食品一日30品目の根拠は?

「健康のために一日30品目の食品を」という言葉を聞いたことがある人は多いと思います。

色々なものをバランスよく食べるのが健康に良さそうであることは簡単に想像できますが、なぜそれが「30品目の食品」という指定になっているのでしょうか?

今回は食品の品目数と栄養のバランス、そして「30品目」の具体的な根拠についてまとめてみましょう。

食品の品目数とバランスの関係

そもそも「一日30品目」という表現は、1980年代に厚生省(今の厚生労働省)が発表した食生活に関する指針が元になっています。

そしてこの指針には「塩分の摂りすぎに注意」とか「脂肪の取りすぎに注意」という注意書きを含んでいるものの、どんな食品を30品目摂ればいいかということについては触れていません。

それでも食生活の中で食べる食品の種類を増やすということは、栄養バランスを整える上で一定の意味があったと考えられます。

その理由はこうです。

仮に人間に必要な栄養素を大ざっぱに6種類に分けたとしましょう。
この6種類というのは例えば以下のような感じです。

1.タンパク質を多く含む食品
2.糖質を多く含む食品
3.脂質を多く含む食品
3.ビタミンを多く含む食品
5.ミネラルを多く含む食品
6.食物繊維を多く含む食品

これを次の様にダーツの的に配置して、壁にかけます。

ダーツの的と栄養

ダーツの的ですから、当然壁にかかっていればダーツの矢を投げたくなるものが人情というもの(?)でしょう。

さて、壁の的に向かって矢を投げる時に、
投げる矢の本数=食べる食品の品目数
だと考えて下さい。

一種類の食品しか食べないということは、投げる本数が1本ということですから、栄養的にはものすごく偏った状態になる可能性が高いです。

ダーツの的と栄養

しかし、本数が増えれば増えるほど、確率的には矢がバラケていき、「特定の栄養だけ摂れない」という確率はどんどん下がっていくことになるでしょう。

ダーツの的と栄養

つまり摂取する食品の品目数を増やすということで、確率論的に栄養のバランスが整いやすくなるということを示しているのです。

30品目の根拠について

しかし「30」という数字については、きちんとした根拠は存在しないようです。

そもそもどんなに食品の品目数だけを増やしたみたところで、ダーツの的の下の方ばかりとか、上のほうばかりに矢を命中させていてはあまり意味がありません。

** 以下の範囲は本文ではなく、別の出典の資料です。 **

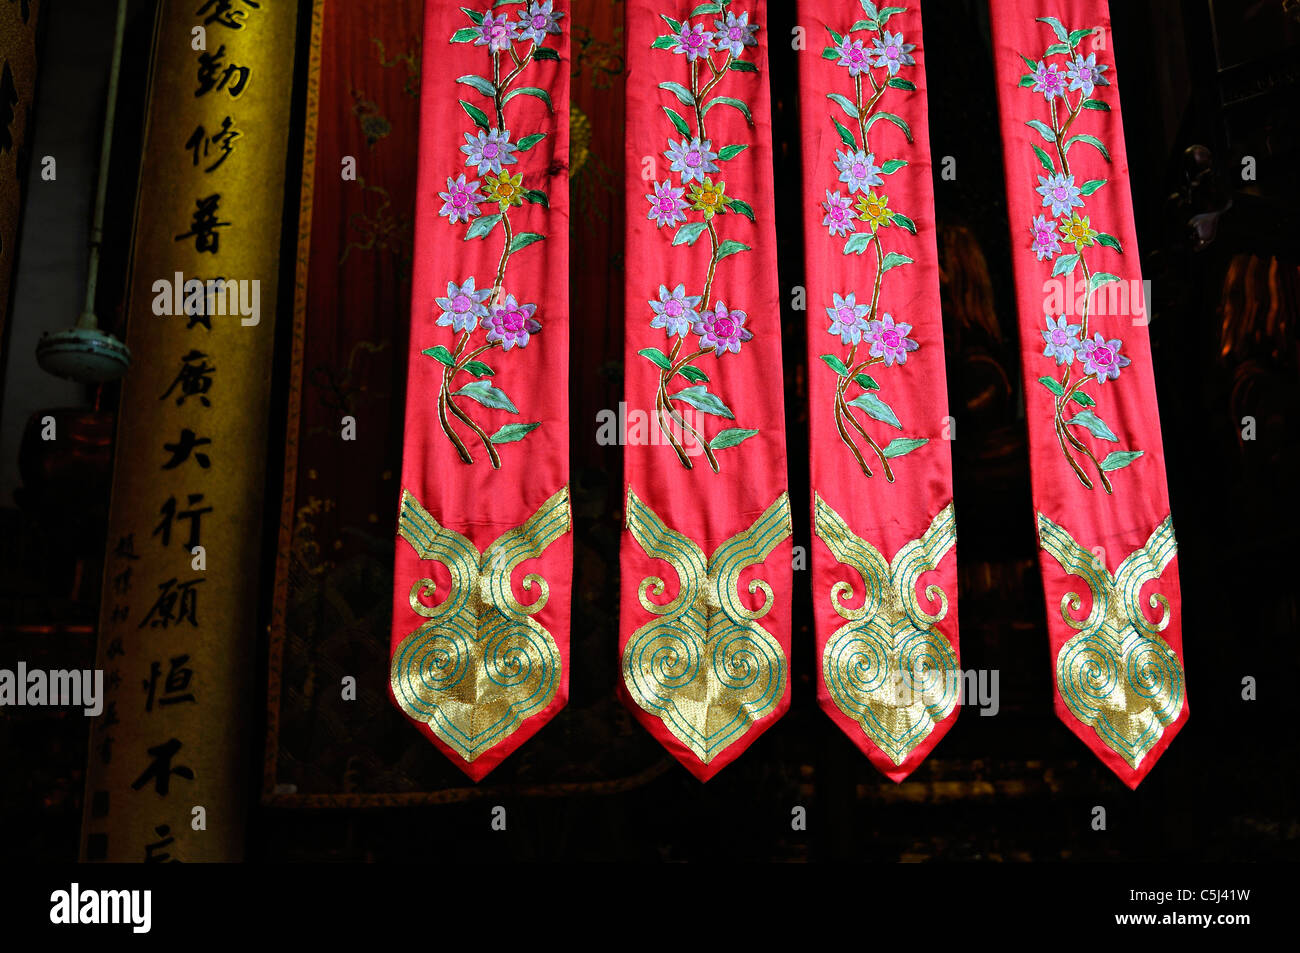 Sacra buddista foulard ricamati con fiori e medaglioni dorati, appeso in principale 'Quattro Re Celeste' hall del Foto Stock
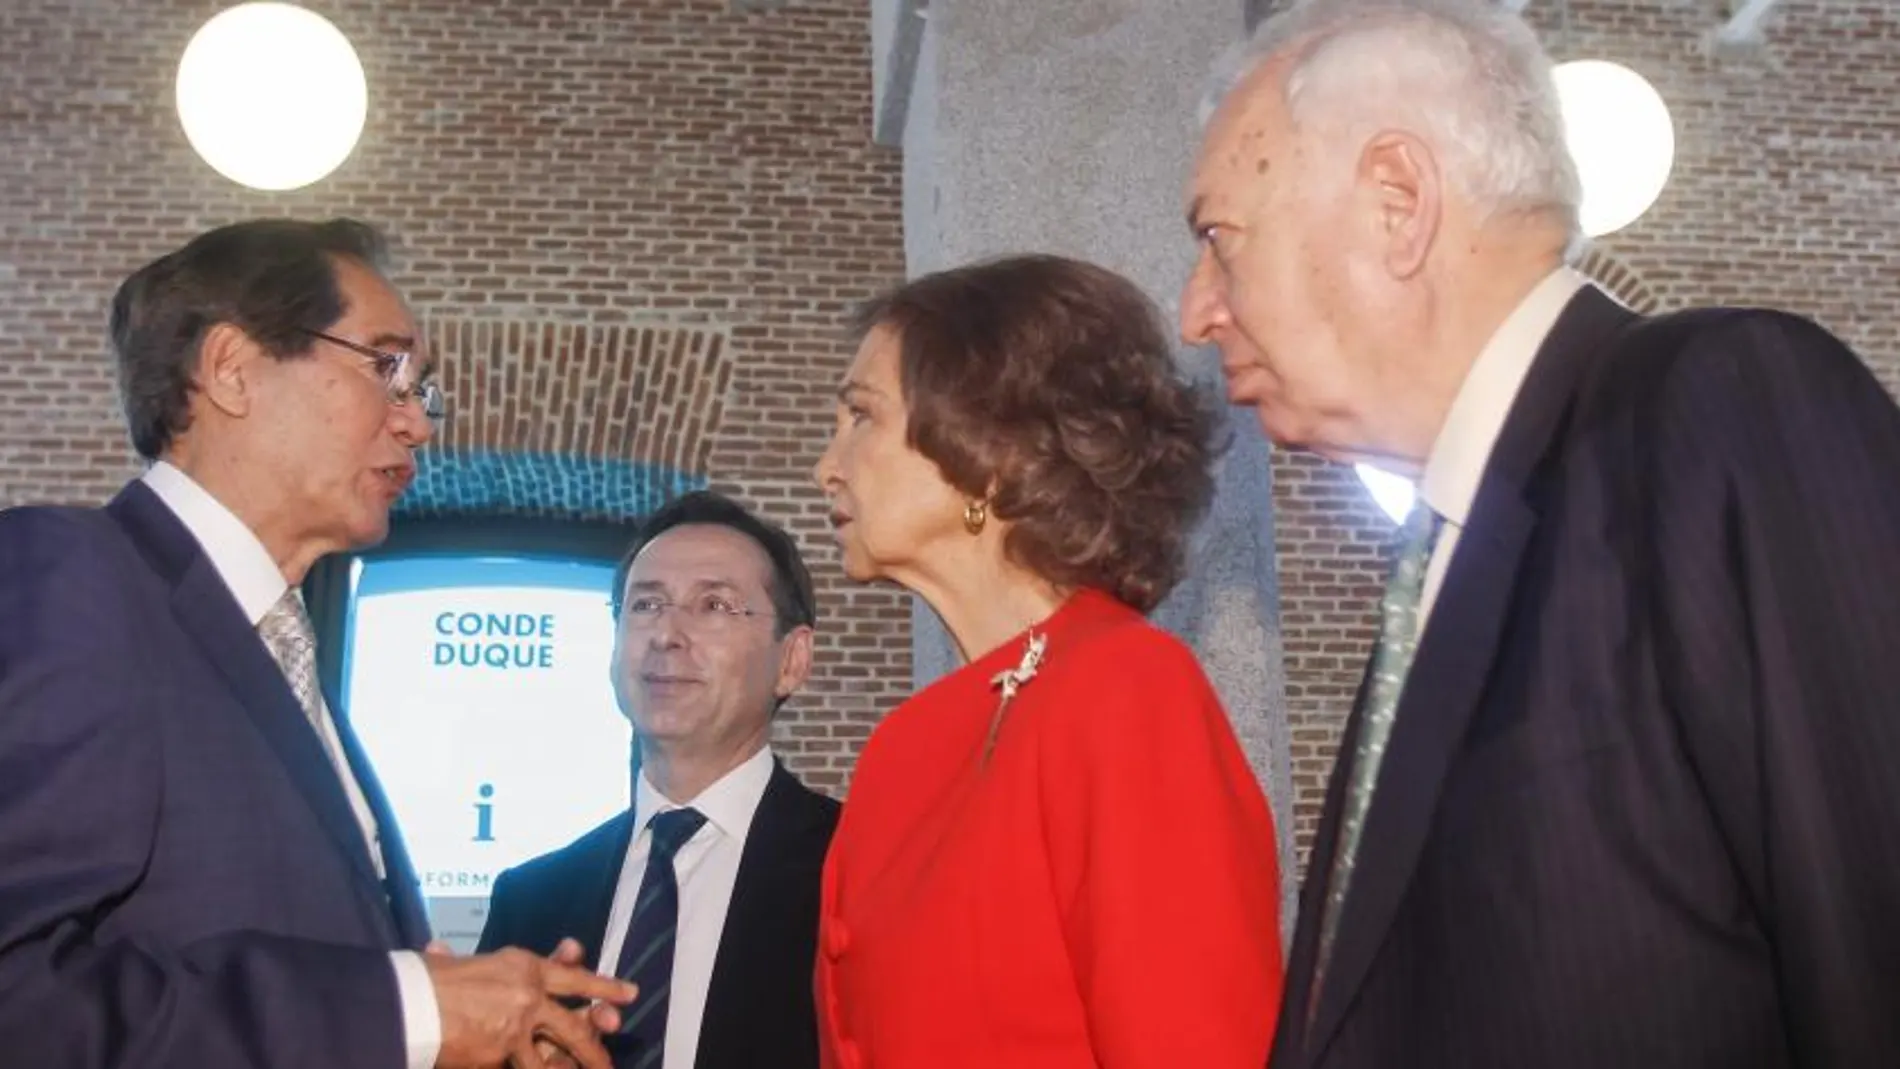 La Reina y José Manuel García-Margallo conversan con el embajador de Filipinas en España, Carlos Salinasen la inauguración de la exposición "Cooperación Es.desarrollo", sobre el 25 aniversario de la Agencia Española de Cooperación Internacional (AECID)

健康と栄養に関して人々の関心が薄かった頃ならともかく、今はほとんどの食品に栄養成分表示がされている時代です。

だから栄養に関心を持って食べるものを選びさえすれば、自分の投げる矢(食べる食品)が的のどの位置に命中するかについては、大体の判断がつくと思います。

理想の食事を考える上では、栄養の知識を身に付けることで、ダーツの矢をバランスよくターゲットに命中させるのが効率の良い栄養摂取と言えるのではないでしょうか。

ちなみに2000年に改訂された「食生活指針」からは、30品目という記述が削除されているようです。